В какой-то степени Кевина восхищало упрямство Болзера, его нежелание принимать то, что он расценивал как благотворительность, даже от верного друга. Но ему не становилось легче оттого, что он не мог помочь. Он приезжал домой, сидел за большим столом в кругу родных, все болтали, смеялись, ели, и вдруг ни с того ни с сего перед глазами всплывала унылая картина: Болзер сидит один-одинешенек в своей похожей на тюремную камеру каморке с опущенной шторой на окне и ест лапшу быстрого приготовления.
По окончании университета Болзер продолжил учебу на юридическом факультете, и на каком-то этапе Кевин утратил с ним связь. Сидя на кухне в это рождественское утро, он подумал, что было бы интересно поискать Болзера на просторах «Фейсбука», выяснить, чем он занимался последние двадцать лет. Может быть, Болзер теперь женат, стал отцом, у него полноценная счастливая жизнь, в которой ему было отказано в детстве и юности, он любит и любим. Пожалуй, он оценил бы иронию, если б Кевин признался ему, что это он теперь прячется от праздников по методу Болзера – и вполне успешно.
Но потом вниз спустились девочки, и Кевин забыл про своего давнего друга, потому что в доме сразу запахло Рождеством, сразу появилось много дел – вытяхнуть чулки, развернуть подарки. Эйми высказала мысль, что с музыкой в доме было бы веселее, и Кевин снова включил радио. На этот раз рождественские гимны его не раздражали.

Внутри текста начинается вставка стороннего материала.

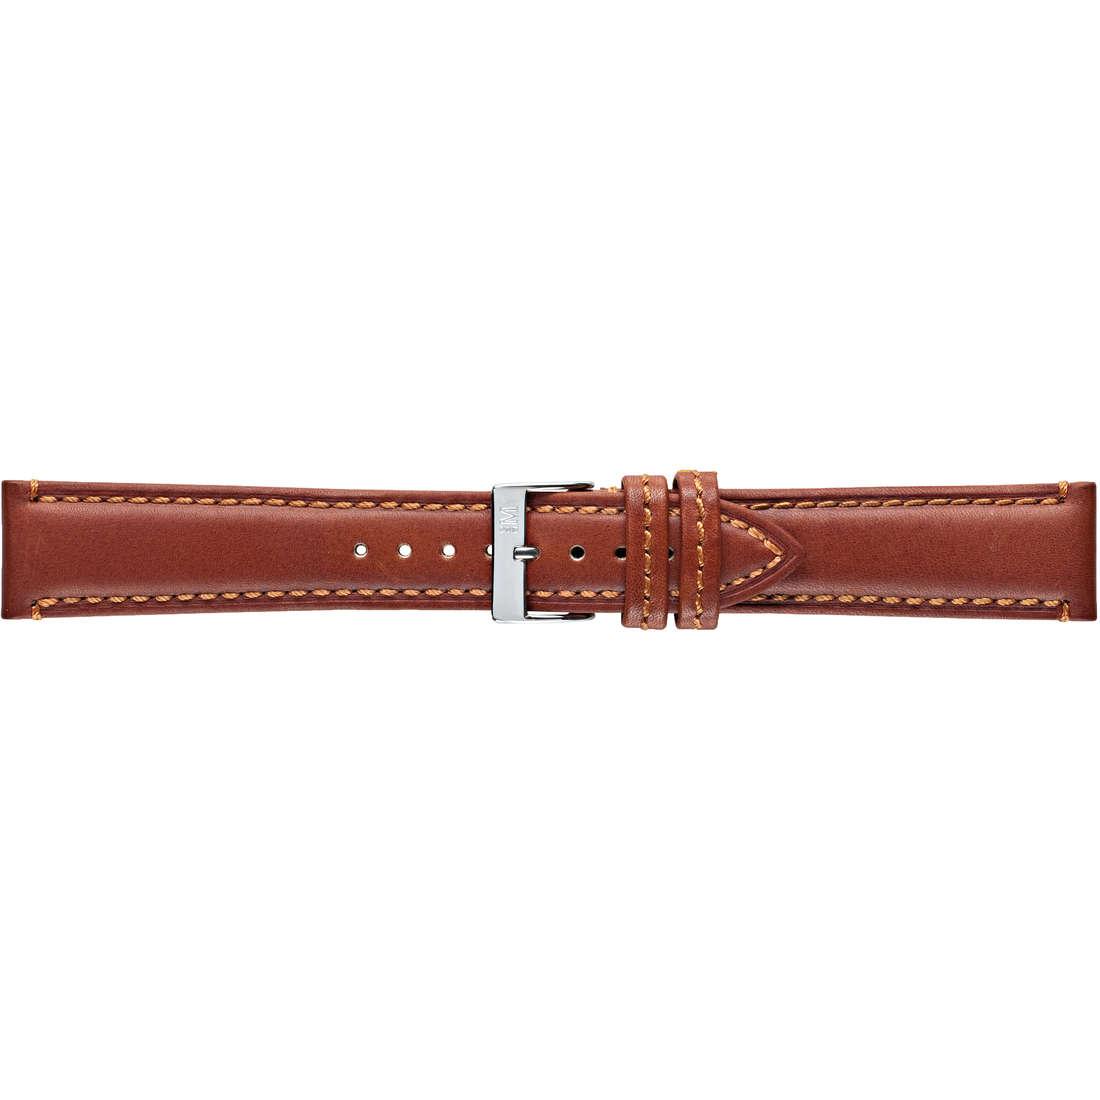 watch watch bands watch straps man Morellato Manufatti A01U3628A17041CR18

Банальные, знакомые, жизнеутверждающие, они создавали праздничное настроение.
Подарков под елкой было не так уж много, – во всяком случае, гораздо меньше, чем в былые времена, когда дети были маленькими и они всей семьей открывали их все утро, – но девочки, казалось, были не в обиде. Они подолгу возились с каждым подарком, рассматривая коробку, неторопливо разворачивая бумагу, словно надеялись получить дополнительный приз за аккуратность. Одежду примеряли прямо здесь же, в гостиной. Натягивали рубашки и свитера поверх пижамных топов – у Эйми это была полупрозрачная маечка, – делали друг другу комплименты, восхищаясь тем, как здорово сидят на них обновки, ахали и охали даже по поводу такой ерунды, как теплые носки и пушистые тапочки. В общем, они радовались от души, так что Кевин даже пожалел, что не купил больше подарков, – просто чтоб продлить удовольствие.
– Круто! – восторженно произнесла Эйми, надевая шерстяную шапку, которую Кевин нашел в магазине спортивных товаров «Майкс»: с нелепыми ушками, которые фиксировались под подбородком. Эйми надвинула ее низко на лоб, почти до самых глаз, но все равно смотрелась в ней прелестно, как и во всем другом. – Как раз то, что мне нужно.

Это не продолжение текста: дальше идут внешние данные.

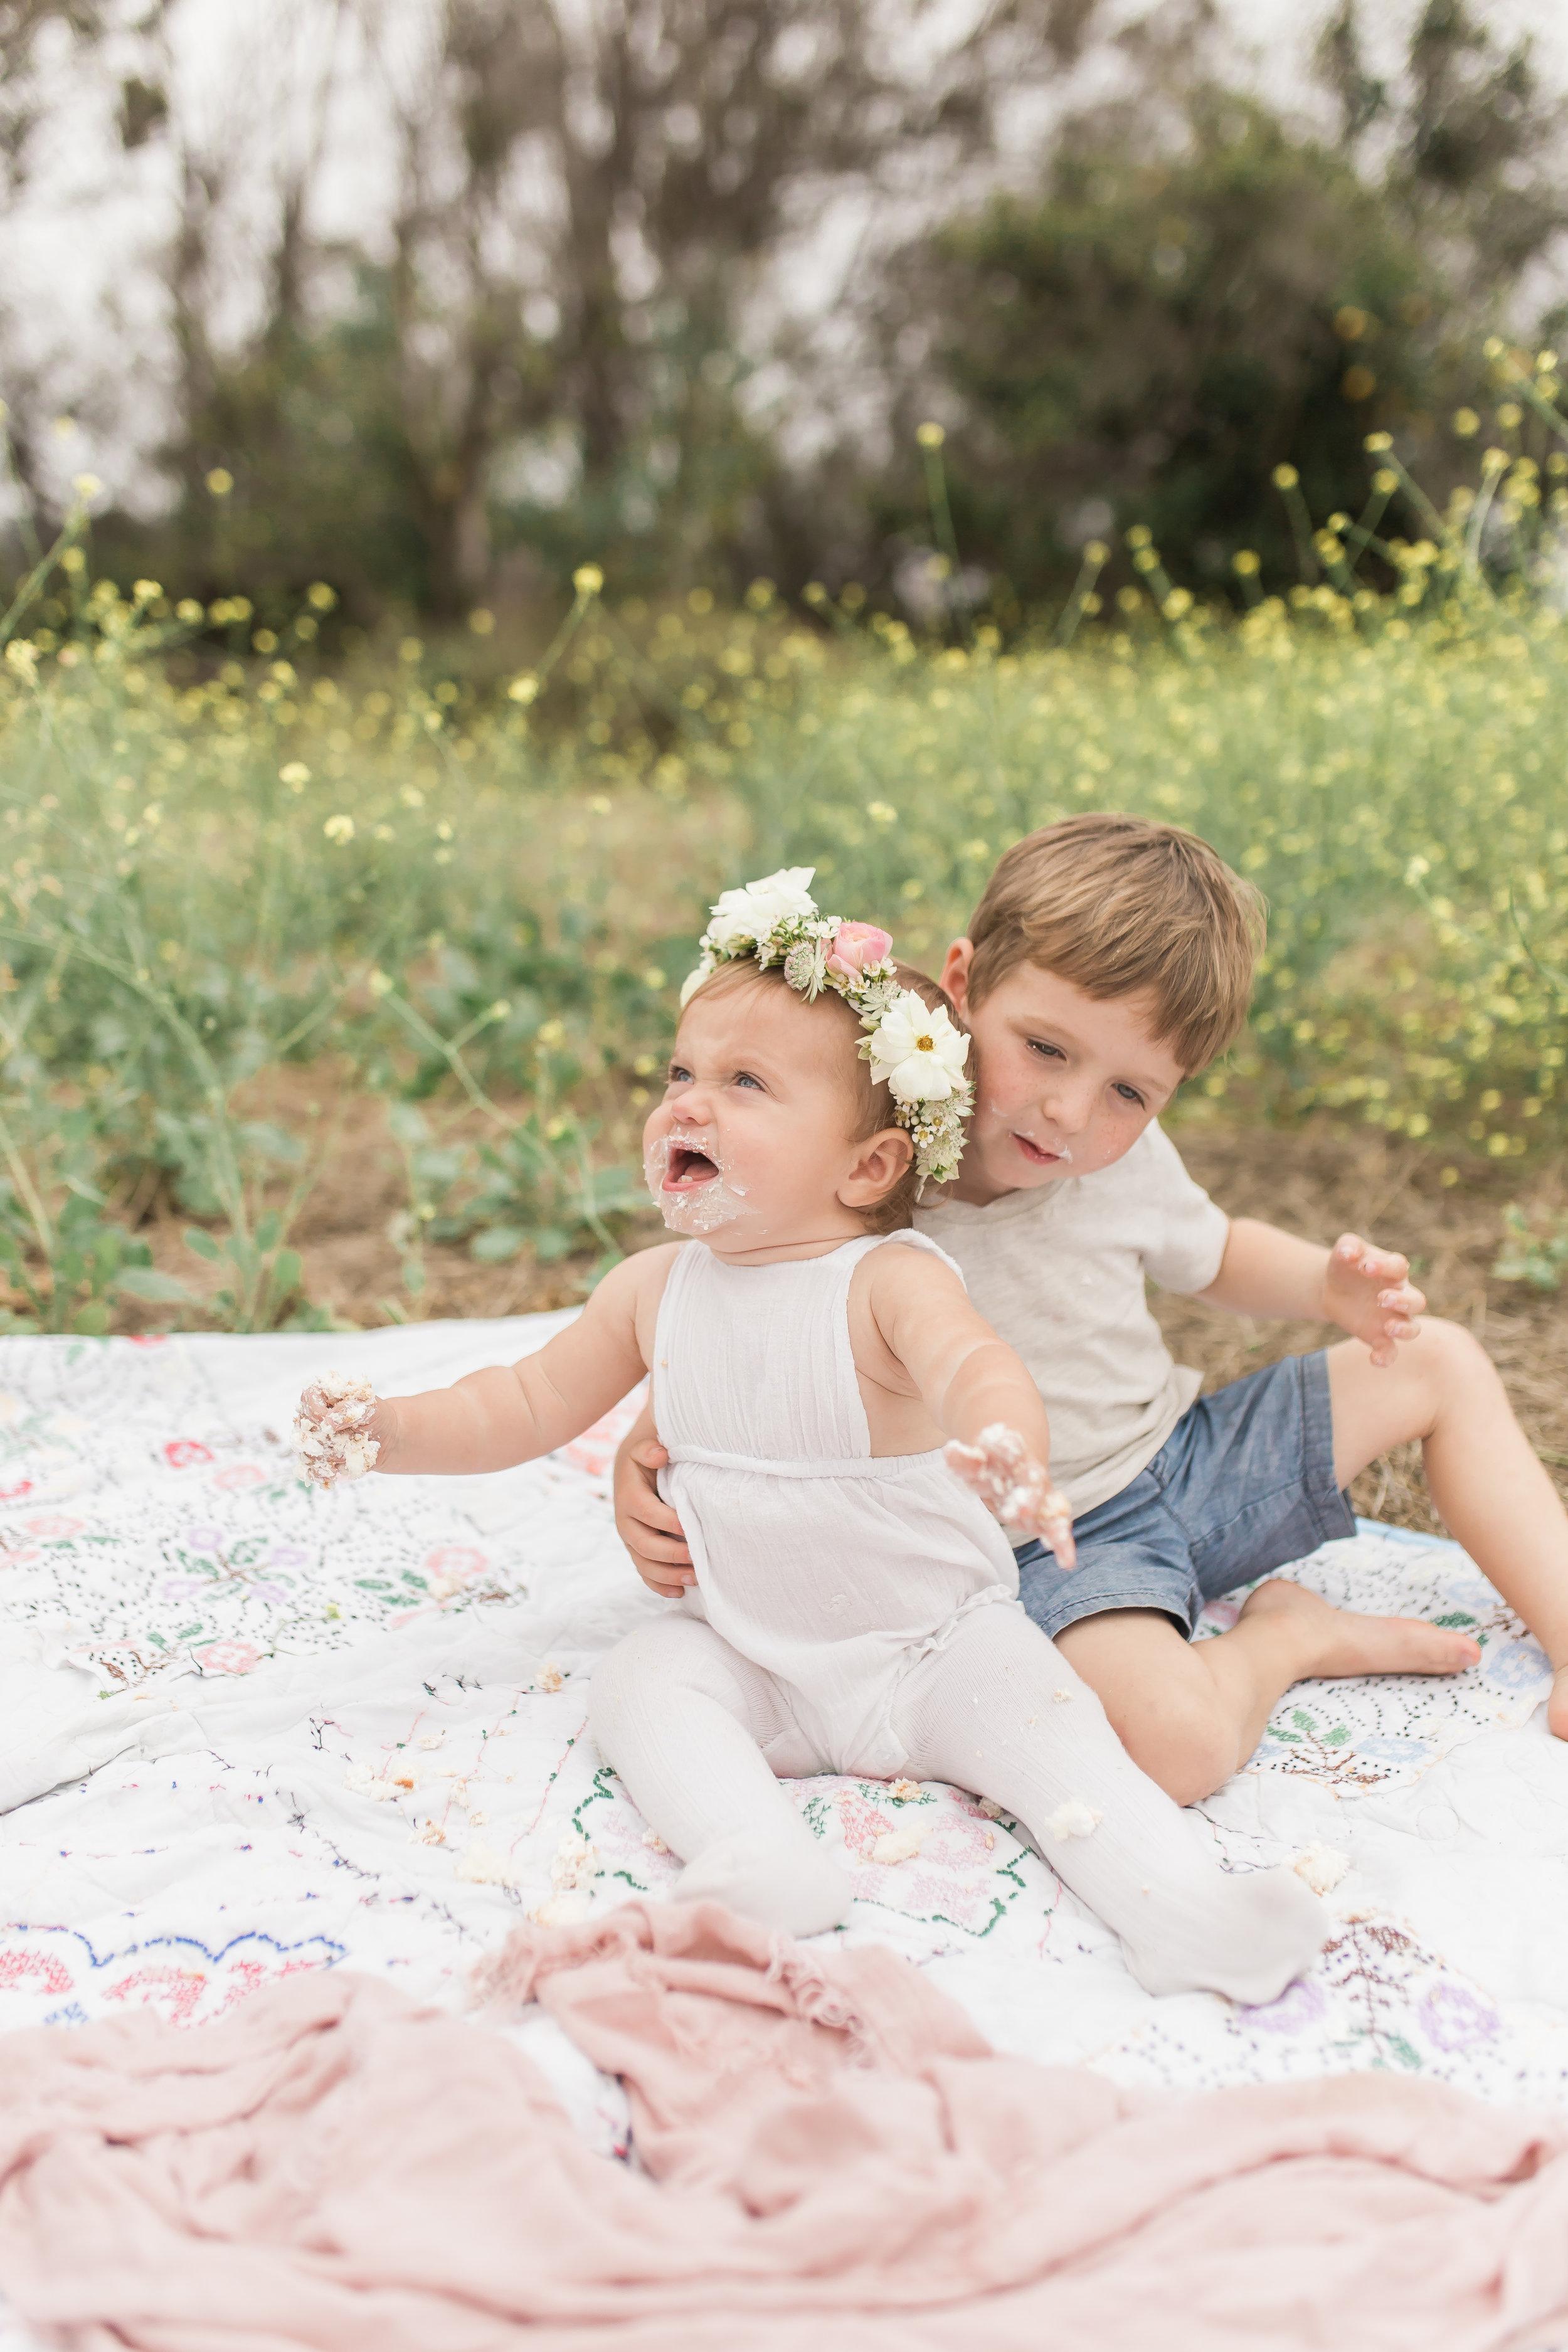 Dana Point Infant Photographer 1st birthday

Она встала с дивана, раскрыв объятия, подошла к Кевину, крепко обняла в знак благодарности. Подобным образом Эйми благодарила его за каждый подарок, так что это уже выглядело смешно – ритмичное сопровождение ритуала. Теперь, когда свое скудное утреннее одеяние она замаскировала под новым свитером, шарфом, шапкой и варежками, Кевин смущался чуть меньше, обнимая ее.

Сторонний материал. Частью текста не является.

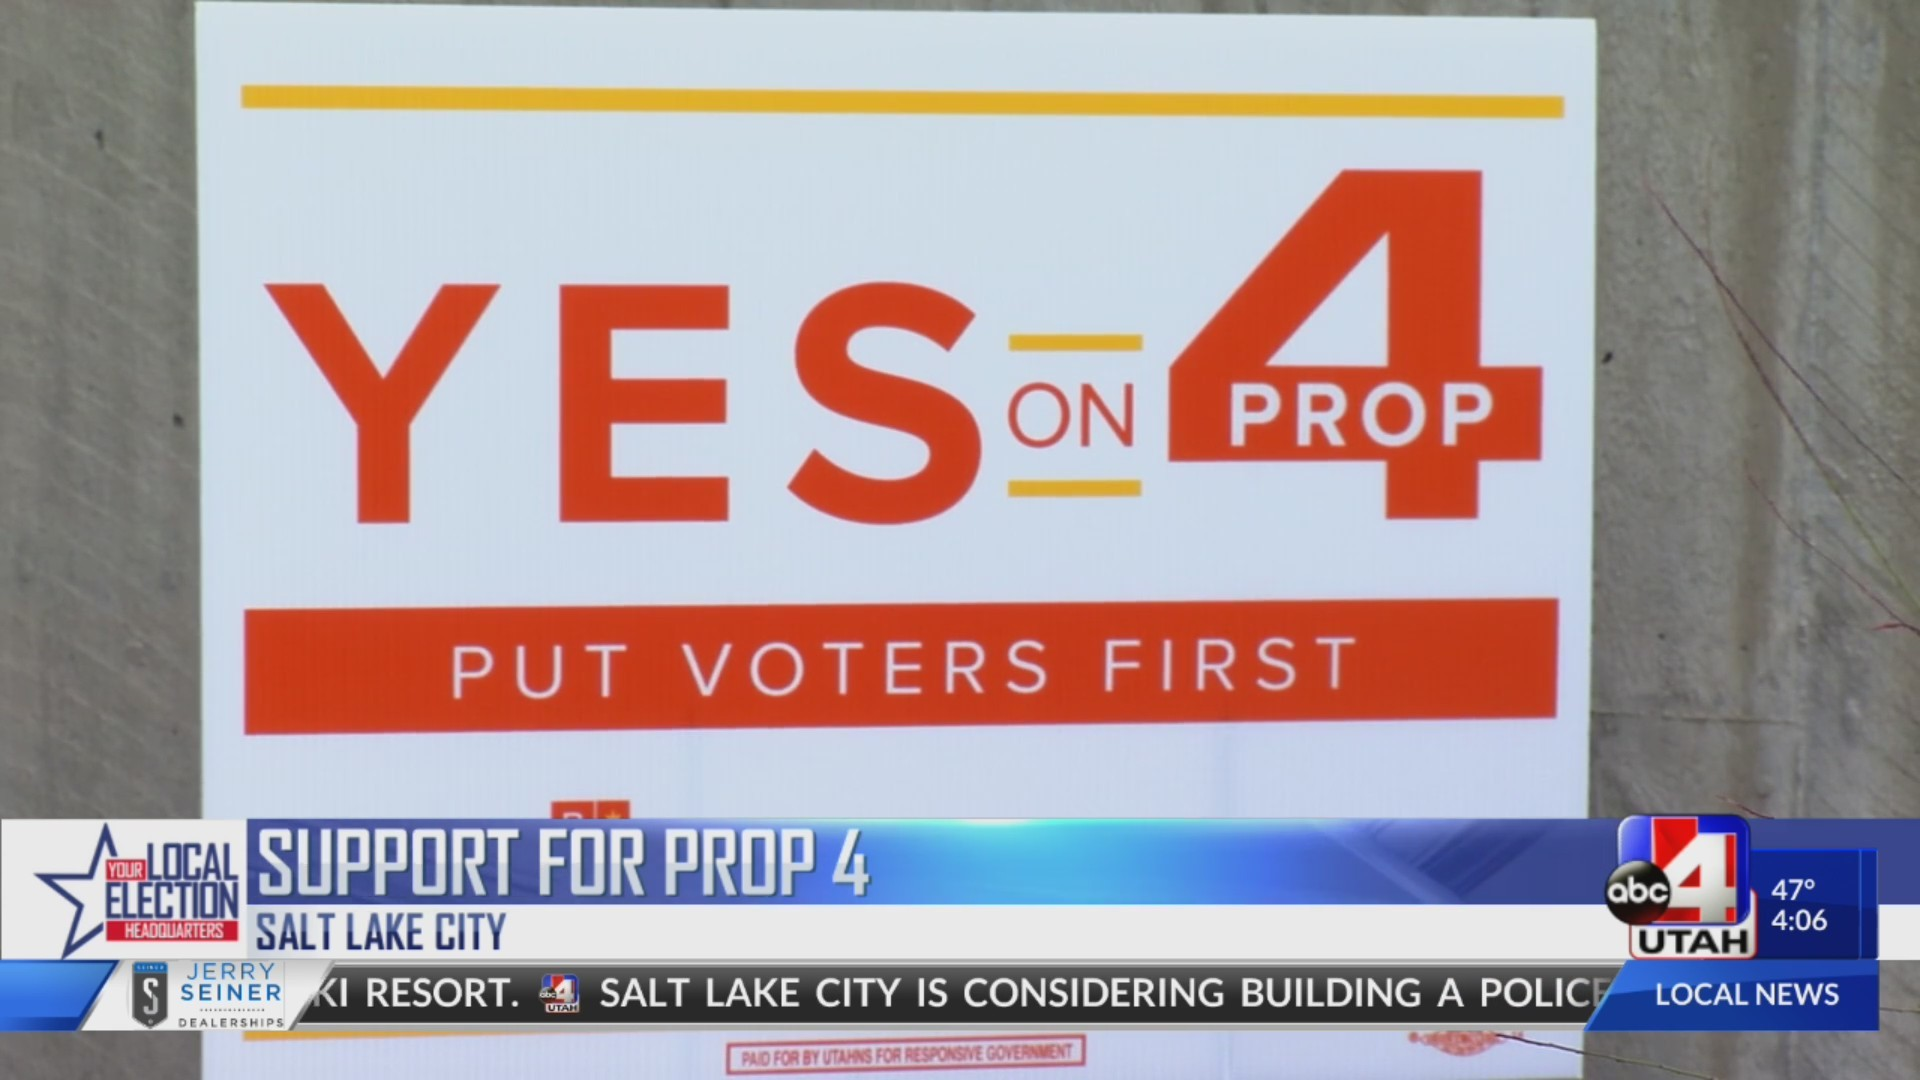 Prop 4 proponents encourage college students to vote

– Вы оба так добры ко мне, – сказала Эйми, и ему на секунду показалось, что она вот-вот расплачется. – Даже не помню, когда в последний раз у меня было настолько прекрасное Рождество.
Кевин тоже получил свою долю подарков. Правда, сначала ему пришлось выслушать сетования по поводу того, сколь трудно подобрать подарки мужчине его возраста, словно зрелые мужчины – абсолютно самодостаточные люди и их ничто не интересует, кроме собственного пениса и однодневной щетины на лице. Джилл подарила ему биографию Теодора Рузвельта, в которой описывались ранние годы президента; Эйми – пару кистевых эспандеров, поскольку знала, что он любит занятия спортом. Девочки также вручили ему два одинаковых свертка – компактные маленькие предметы, завернутые в серебряную бумагу. В упаковке от Джилл Кевин обнаружил сувенирную кружку с надписью: «Самый лучший папа».
– Блеск! – воскликнул он. – Спасибо. Я знал, что вхожу в первую десятку, но даже представить не мог, что занял уже первую строчку.
Кружка, что подарила ему Эйми, отличалась только надписью – «Самый лучший мэр».
– Надо нам почаще справлять Рождество, – заметил Кевин. – Повышает самооценку.
Девочки начали наводить порядок, собирая оберточную бумагу и пустые коробки, запихивая мусор в пластиковое ведро. Кевин показал на одинокий подарок пол елкой – перевязанную лентой маленькую коробочку, похожую на те, в которых хранят драгоценности.
– А это для кого?
Джилл подняла глаза на отца. На голове у нее красовался прилепленный красный бант, она была похожа на большого растерянного младенца.
– Для мамы, – ответила Джилл, пытливо глядя на него. – Вдруг она зайдет.
Кевин кивнул, словно, на его взгляд, это было абсолютно разумно.
– Молодец, что побеспокоилась, – сказал он.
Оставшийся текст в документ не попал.